9. Related Topics to Study Next

Topic Connection
Indian Space Policy 2023 Policy framework enabling private participation; directly governs IN-SPACe, NSIL, and FDI norms
Gaganyaan Mission India's first human spaceflight — largest single capital outlay within DoS; Prelims + Mains goldmine
Chandrayaan-3 & Chandrayaan-4 Demonstrates India's planetary science capability; Chandrayaan-4 targets sample return
NISAR Satellite India-NASA joint Earth observation mission; dual-use (agriculture, disaster management, defence)

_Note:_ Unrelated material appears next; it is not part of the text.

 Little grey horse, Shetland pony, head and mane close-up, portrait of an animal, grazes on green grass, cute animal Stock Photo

IN-SPACe & Space Activities Bill Regulatory architecture for commercial space; pending legislation creates policy uncertainty
Artemis Accords & India's Space Diplomacy Situates India's space ambitions in the US-China geopolitical contest; bilateral space cooperation
NewSpace India Ltd. (NSIL) Commercial arm; key to monetisation of ISRO IP and launch services; model like DRDO-DPSU
Union Budget demand grants structure GS-III/Prelims: understanding Demand for Grants, Plan vs. Non-Plan (abolished), Capital vs. Revenue distinction

10. Common Errors / Trap Areas

  1. Wrong parent ministry: DoS is under the PM's Office, not the Ministry of Science & Technology (which handles DST, DBT, CSIR). A common MCQ trap.
  2. Confusing NSIL with Antrix: Antrix markets ISRO's services internationally (B2B); NSIL is the commercial SPV for end-to-end space services domestically — they are distinct entities.

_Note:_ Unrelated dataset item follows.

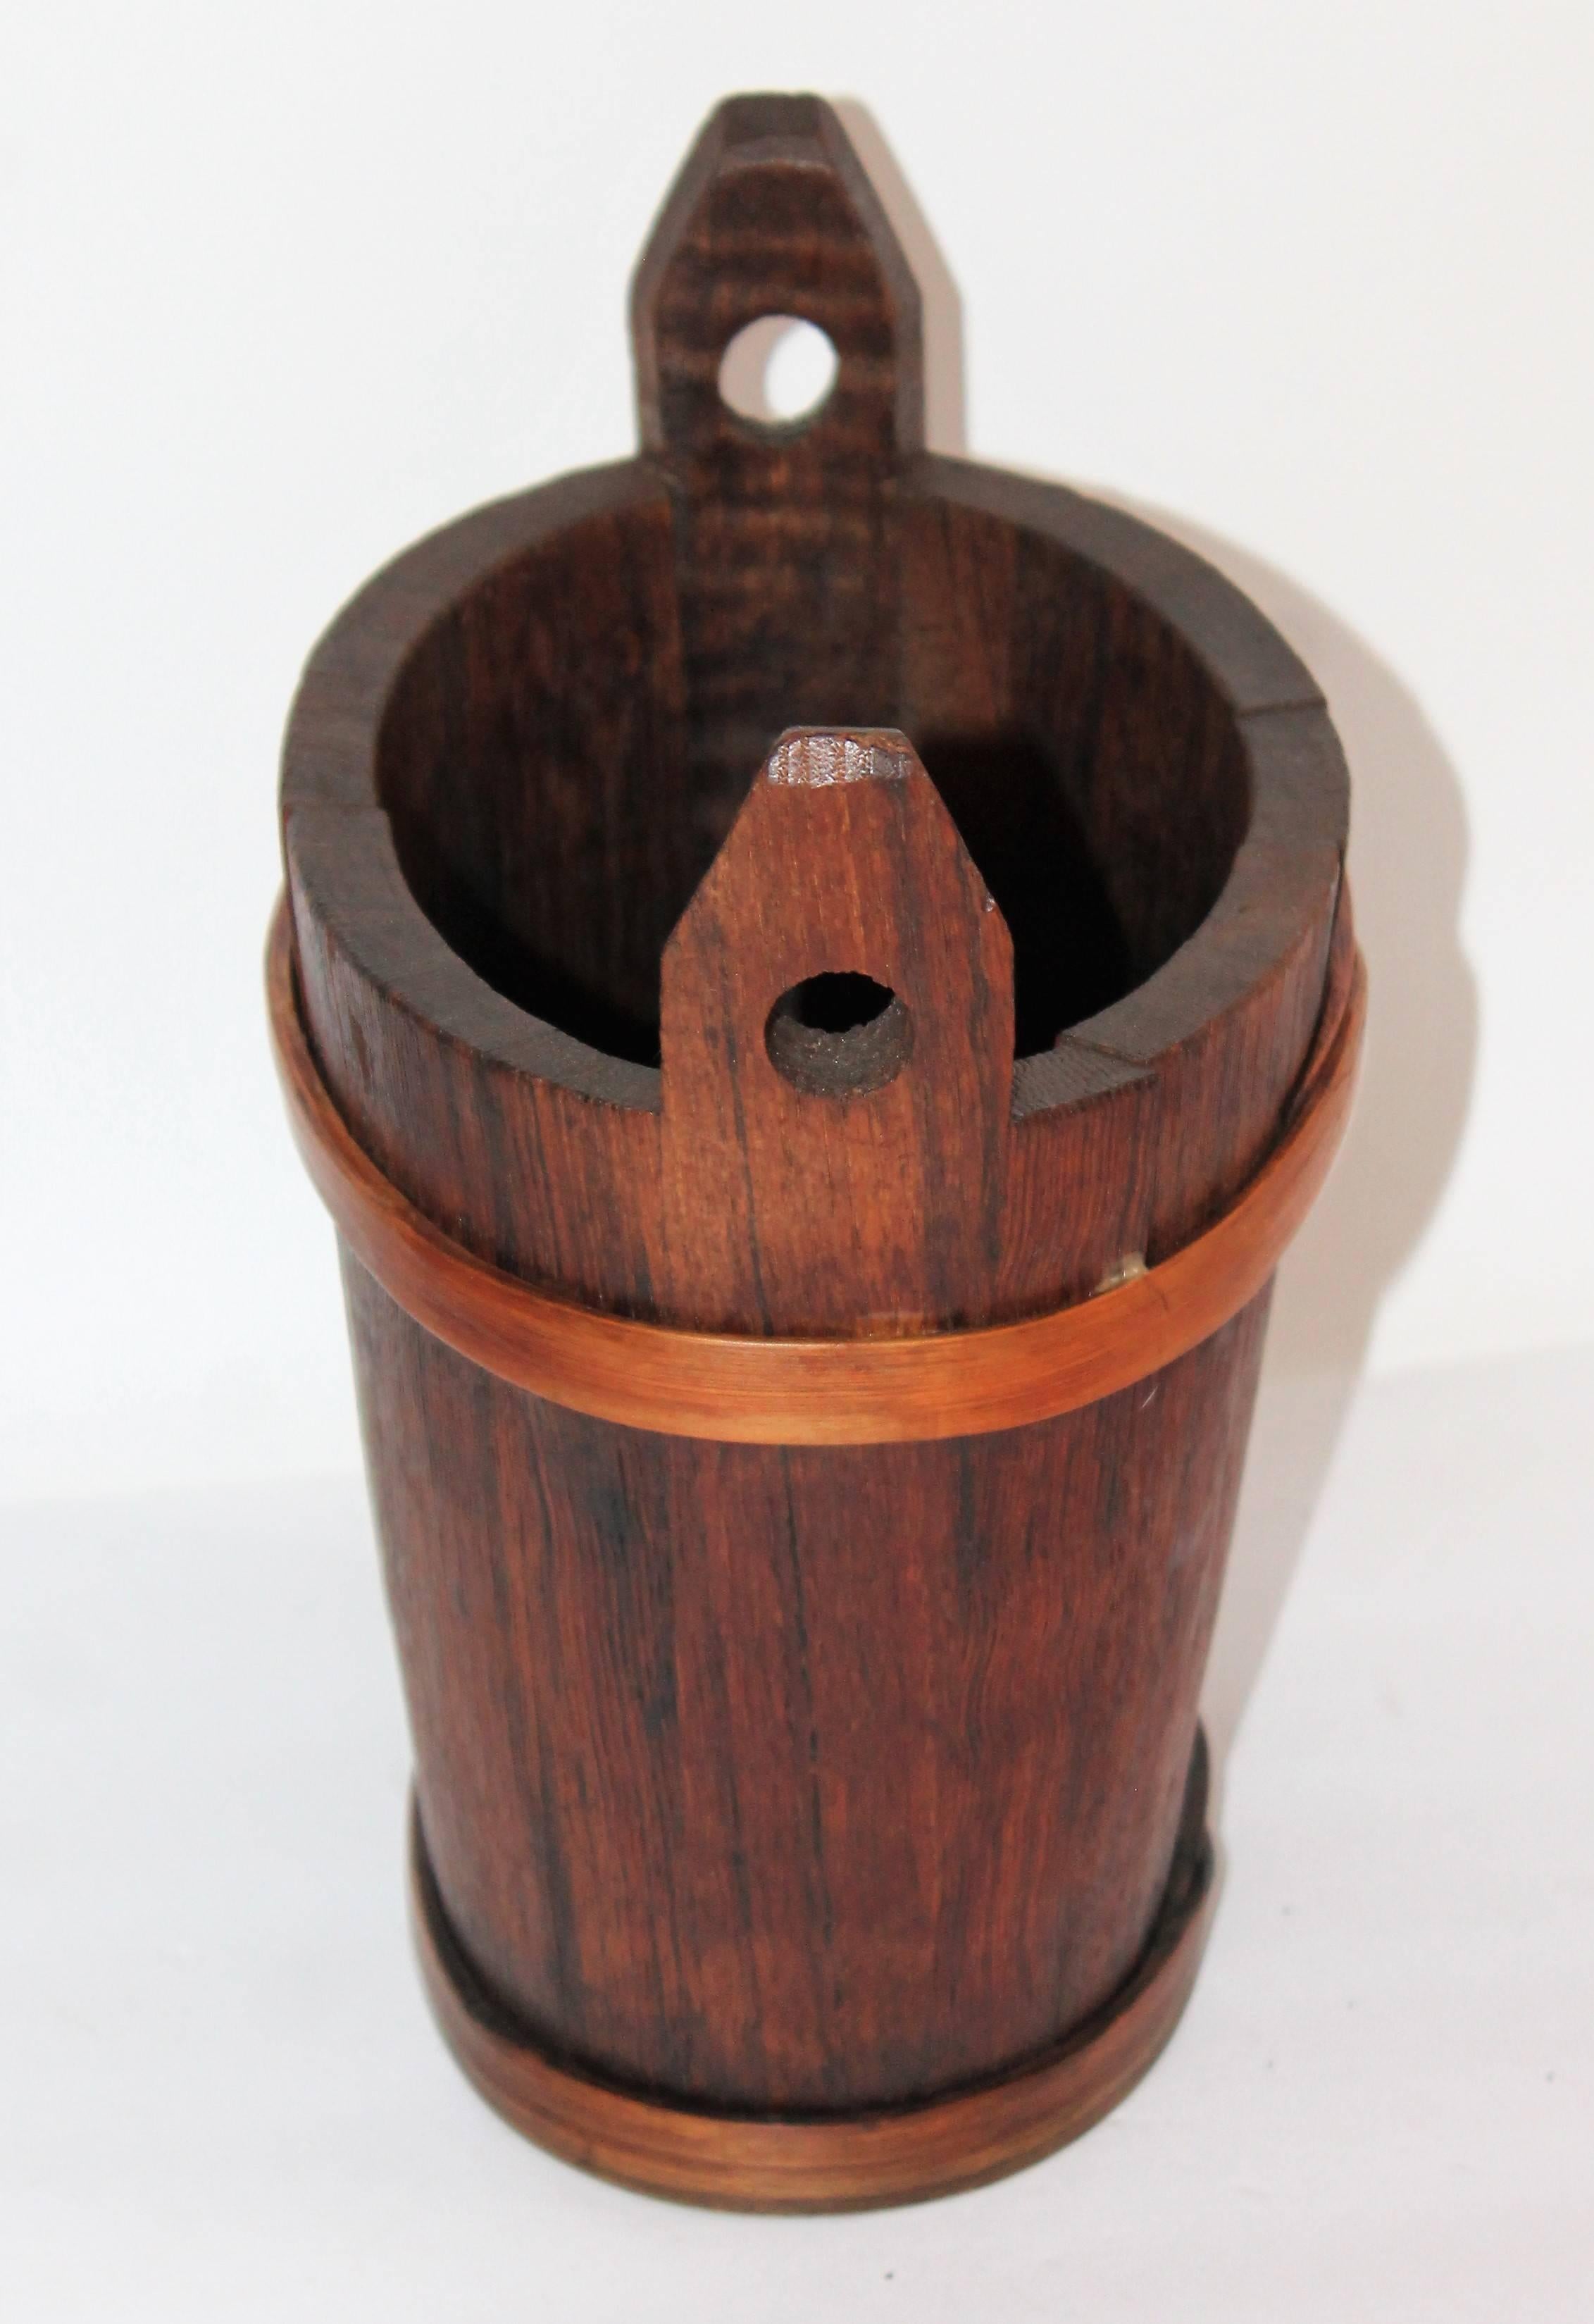 This fantastic piggin is all hand-carved and is in a Shaker style format. The double handled bucket has hand-carved handles and handmade wraps. The condition is very tight and sturdy.

  3. Overstating the budget hike: The 182% growth since 2012–13 is often quoted as "recent growth" — but most of it happened 2014–2019; the last five years have seen slow growth (~2%).
  4. Confusing IN-SPACe's role: IN-SPACe is both regulator and promoter of private space — a dual role that critics compare to pre-TRAI era telecom conflicts. Do not state it is purely a regulatory body.
  5. Missing the DoS projection vs. allocation gap: Aspirants often cite only the final ₹13,705 crore without noting that DoS sought ₹15,604 crore — the shortfall is analytically important for Mains answers on space sector constraints.